Ibu saya selalu memberi wejangan untuk selalu dekat denganNya dan juga selalu bersyukur Dengan bersyukur semuanya jadi terasa nikmat, enteng. Mungkin terdengar indah di ucapan. Tapi percayalah, bahkan saya juga kadang terpeleset. Semua ada hikmahnya. Banyak pelajaran yang bisa diambil dalam setiap peristiwa. Positif-negatif semua saling berkolerasi membentuk sebuah interaksi yang saling melekat satu sama lain.
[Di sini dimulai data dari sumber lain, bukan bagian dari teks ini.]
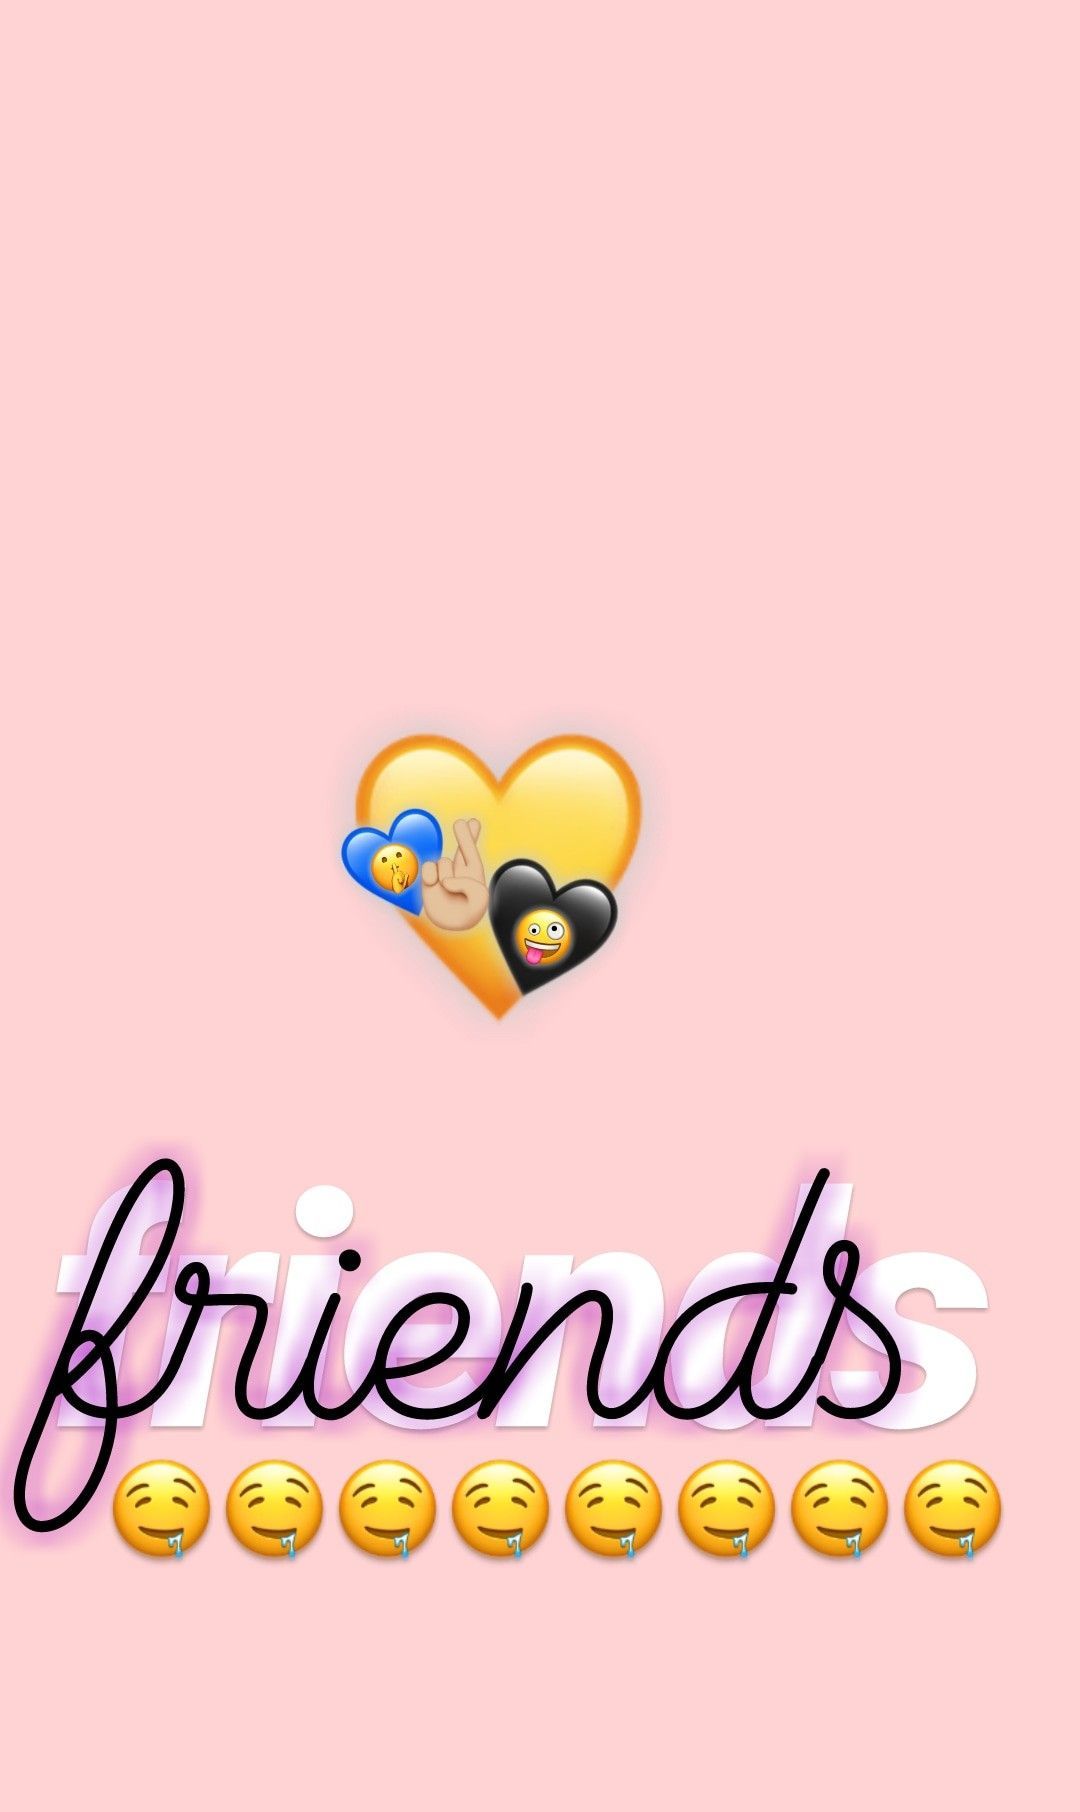 Instagram. Emoji wallpaper iphone, Cute emoji wallpaper, Emoji

Milih yang positif saja yah.

Satu lagi pesan saya,,buat kamu-kamu yang kurang bersyukur, berubahlah... dan juga jangan sakiti makhluk Tuhan yang berjenis wa ni ta.. pliss.. cukup 2x saja aku lihat dia menangis. Kamu juga, Mbon (nanti) jangan buat nangis.. siip,, Insya Alloh.
Lakukan yang terbaik, maka itulah hasil terbaik yang kamu kerjakan. Terlepas itu berhasil atau gagal, semua kembali kepada dirimu, tekadmu, usahamu, dan doamu. Aku percoyo aku kudu iso.

Udah ah,, saya mau bekerja(?) dulu. Mana katanya mau ada pembelajaran e-learning tentang PPh, PPN, dan KUP. Duuh.. Perpajakan udah menguap semua ilmunya.

Daaaahh...

Salam hangat terdahsyat untuk semua saudaraku yang super di manapun Anda berada, dari Sabang sampai Merauke, dari Timor sampai ke Talaud. Merdeka!!